The Republican platform takes up the issue in some detail and takes aim at what is termed the “corrupt business model” of Fannie Mae and Freddie Mac. While reforming the mortgage giants has been delayed longer than anyone would have guessed, the next president and Congress should read the public’s sentiments carefully in designing a system that better serves taxpayers, homebuyers and capital markets.

The concern about access to affordable housing in the Ipsos survey tracks closely with what Schoen found. In an op-ed for Fox News, Schoen noted that the 2016 election has been defined so far by issues such as immigration, Islamic terror, and economic inequality but a powerful current of uncertainty and dissatisfaction about housing flows deep in the American psyche. Schoen noted a majority (53%) of American voters believe that “It’s too difficult for people like me to buy a home,” and fully four-in-ten (41%) likely voters agree that “Banks don’t want to provide mortgages to people like me.” In the Ipsos poll, just short of half of the respondents said that they or someone they knew had personally struggled to pay rent or a mortgage over the last year. Similarly, Schoen found almost a quarter (23%) of likely voters or their families have lost their home since the 2008 housing crisis, and 43% know someone who has lost their home since the 2008 housing crisis.

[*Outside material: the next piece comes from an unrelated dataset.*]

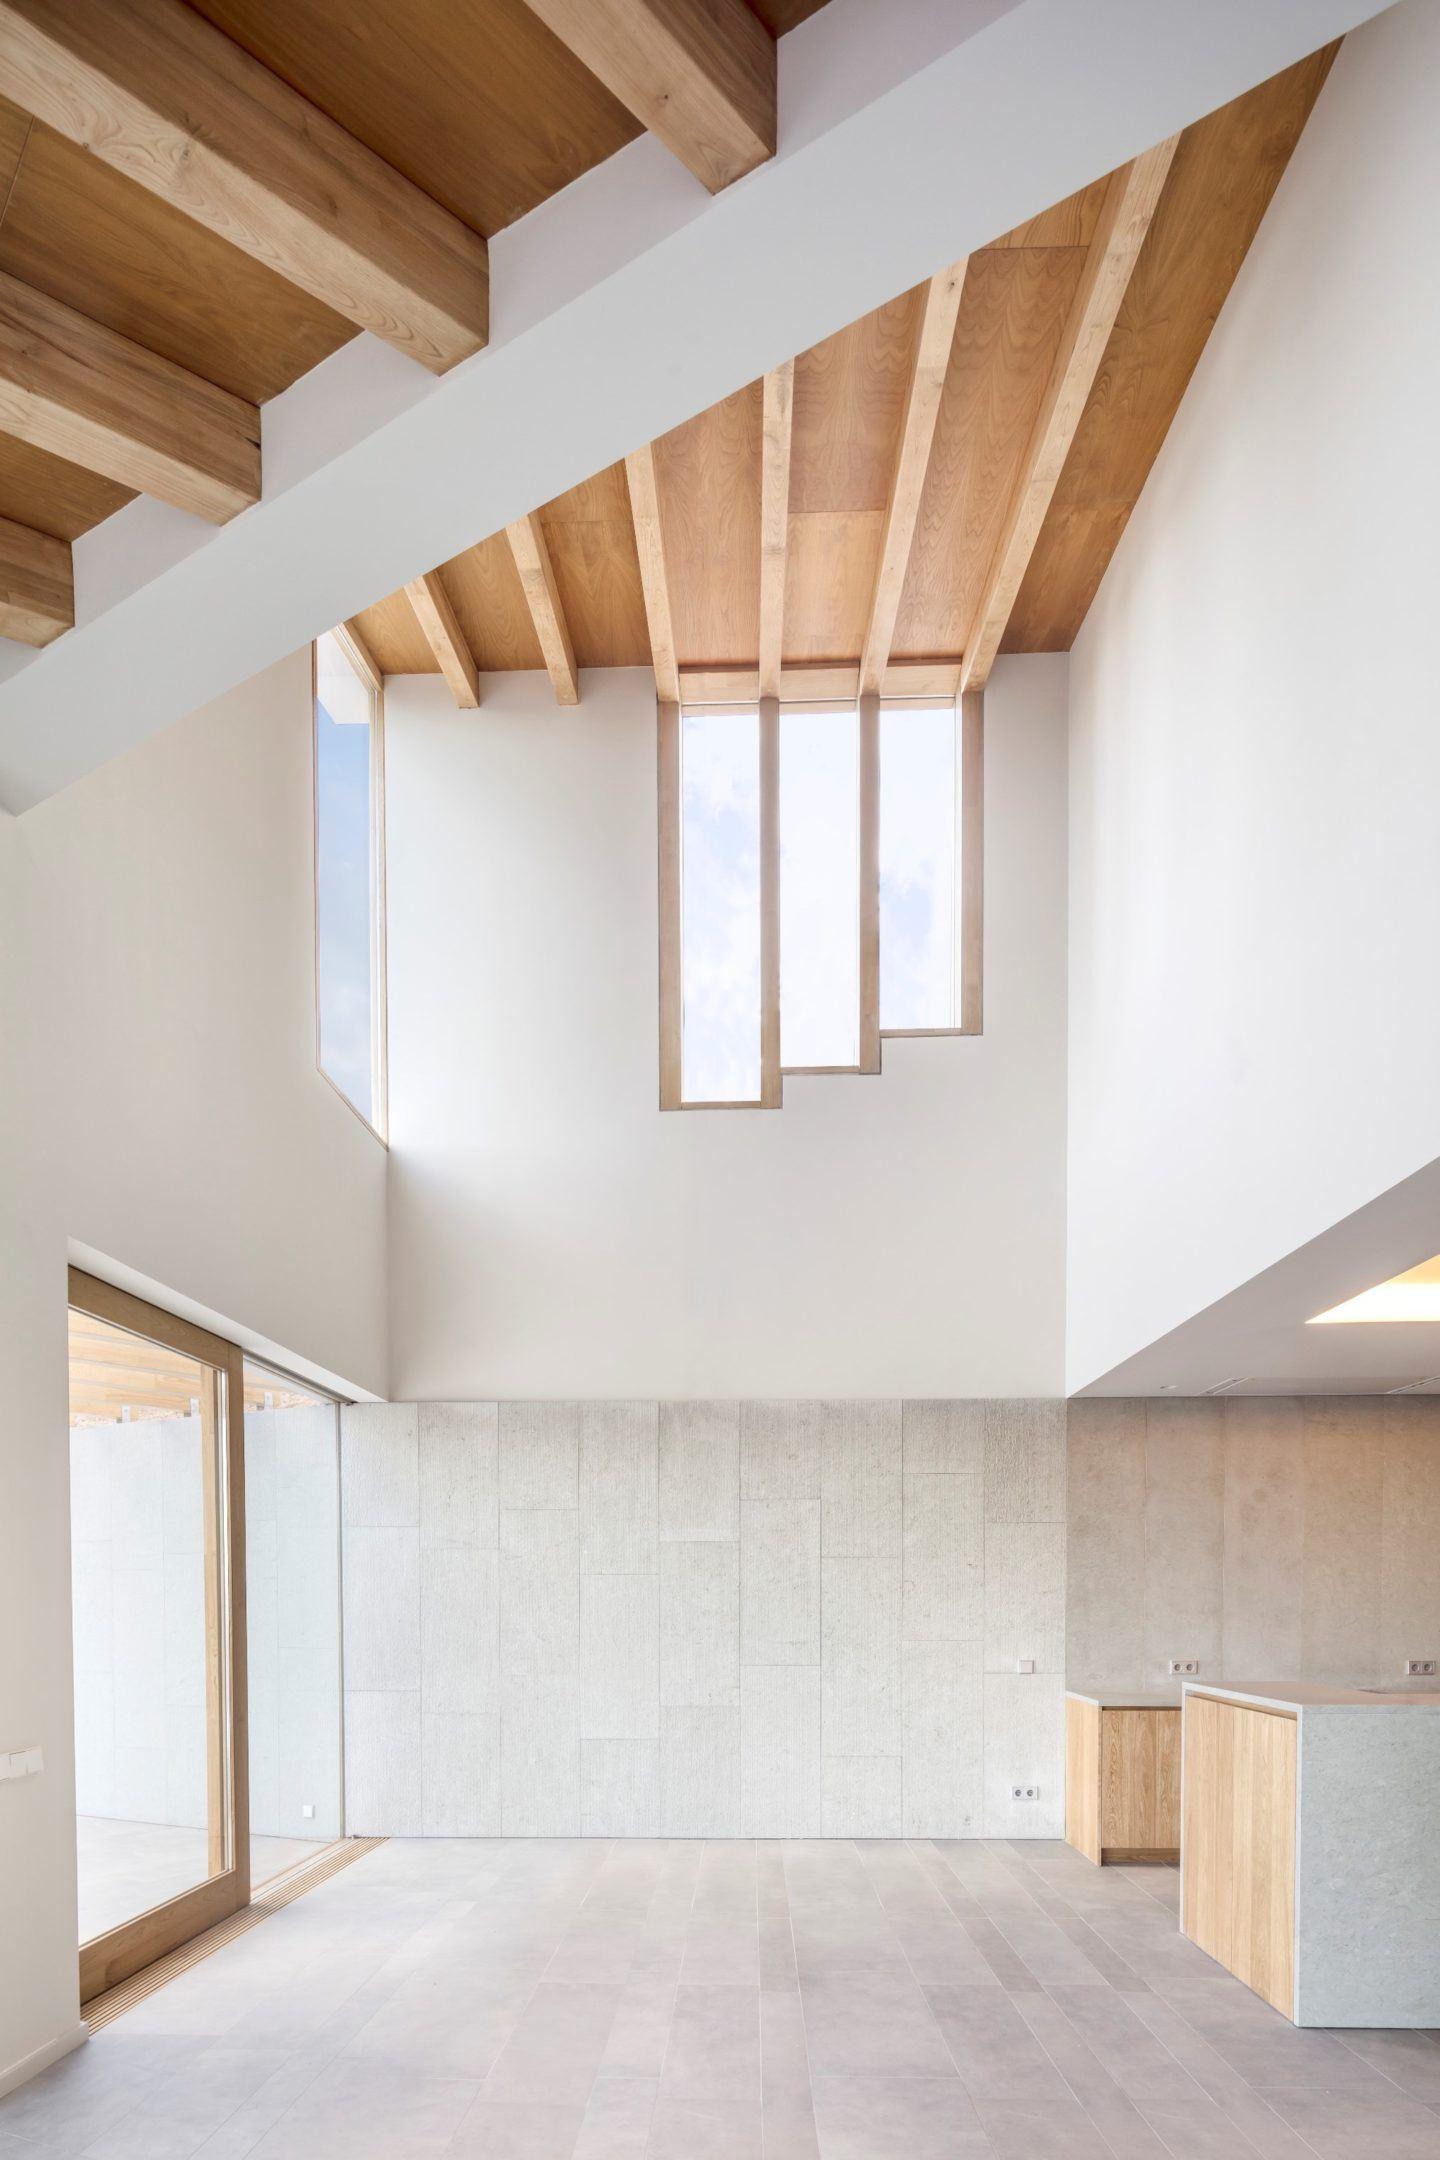 IGNANT-Architecture-5AM-Arquitectura-House-In-Tamariu-009

In light of these revelations, it is not surprising that both polls found broad and deep dissatisfaction over the response from policymakers, at all levels of government, and a sense that the presidential campaigns this year have been inattentive to the public’s sense of anxiety about homeownership and affordable rental housing access.

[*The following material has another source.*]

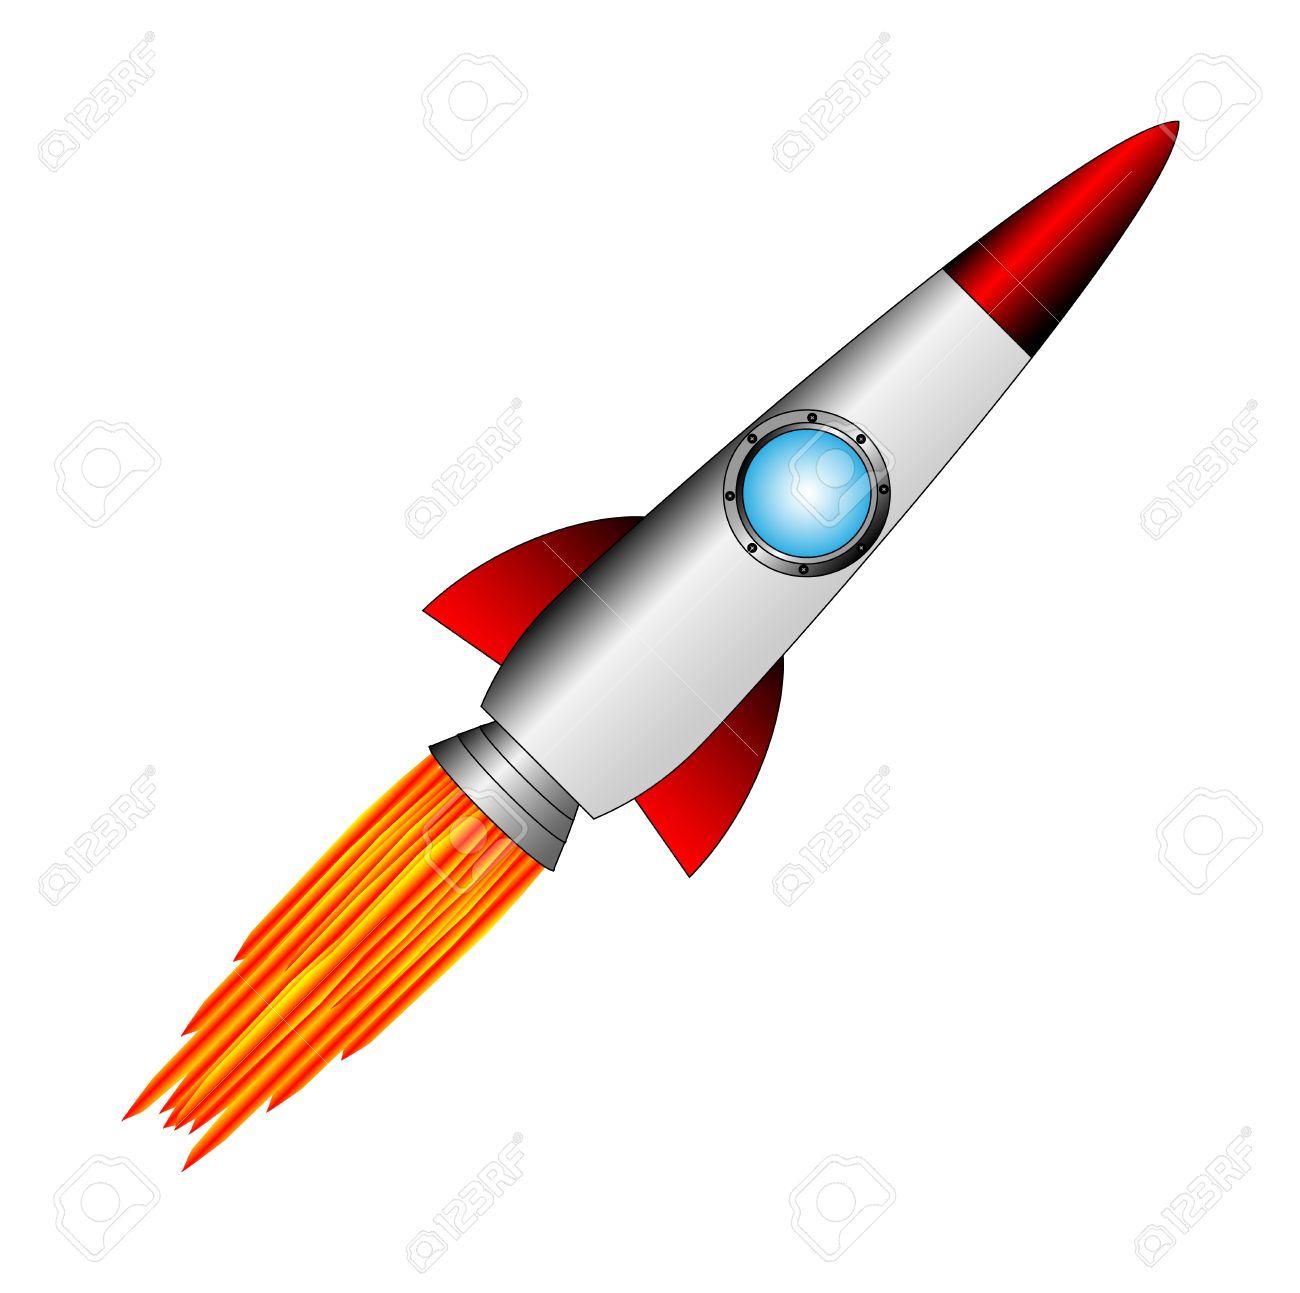 Missile Clip Art.

The Republican platform, is explicitly billed as restoring the American Dream. It includes two sections on expanding homeownership, with an emphasis on reforming mortgage financing, winding down Fannie Mae and Freddie Mac and reducing the government’s role in the market via the Federal Housing Administration.  The Democratic platform, to be taken up this week, is more skewed toward expanding access to affordable housing. It specifically flags increasing funding for the National Housing Trust Fund and other ways to aide those struggling most to find and keep affordable housing, such as low-income families, the disabled, veterans and the elderly.

To be sure, Investors Unite’s chief concern – following the law and upholding the rights of shareholders in Fannie Mae and Freddie Mac – is too granular for a party platform. Nonetheless, Schoen’s poll did raise the issue. He found that those surveyed think what is happening to shareholders is emblematic of a system that is largely rigged and unfair. When asked about the Net Worth Sweep, a plurality (47%) of likely voters said they believe the sweep takes funds that could be used to increase the availability of mortgages and is a violation of shareholder rights. This perception was especially strong among Black voters. Overall, nearly two-thirds (63%) of likely voters believe the rights of shareholders and investors in Fannie Mae and Freddie Mac should be protected from the government.

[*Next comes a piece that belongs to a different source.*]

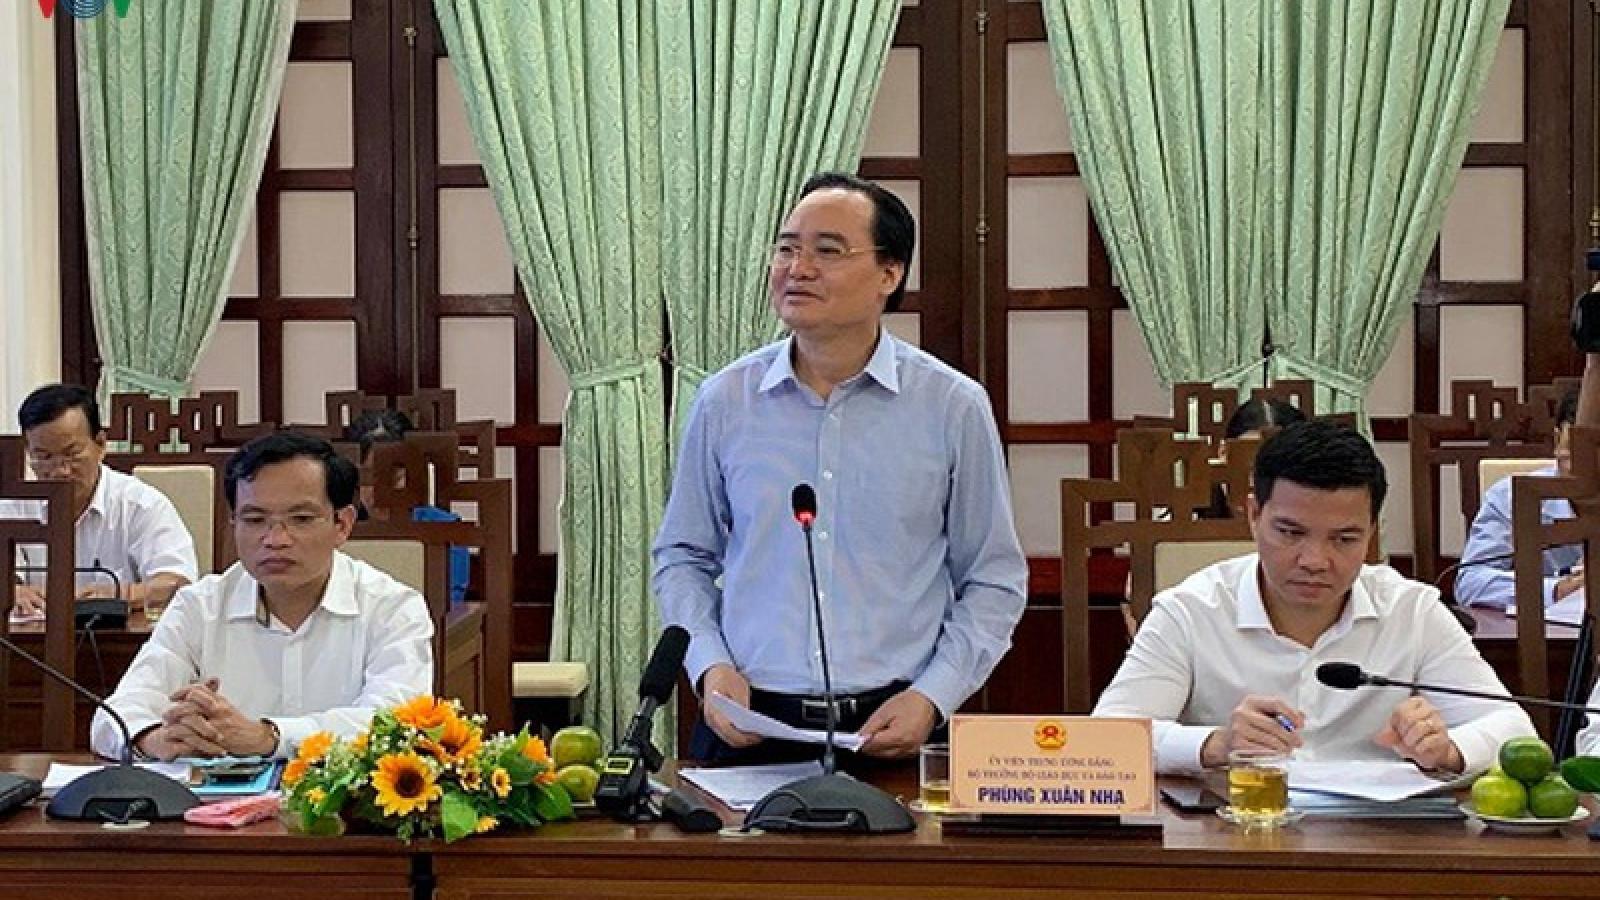 Thừa Thiên Huế: Đảm bảo kỳ thi tốt nghiệp THPT an toàn nghiêm túc

Regardless of which party prevails this November, these surveys reveal a nation eager for their elected officials to take up the last and perhaps most important piece of unfinished business from the financial crisis and recession.  It is impossible to extrapolate directly from the data but it is reasonable to assume that upending housing finance, carelessly abandoning shareholder rights, and turning Fannie and Freddie over to the whims of big banks without evidence it will help average Americans is not the kind of reform people want.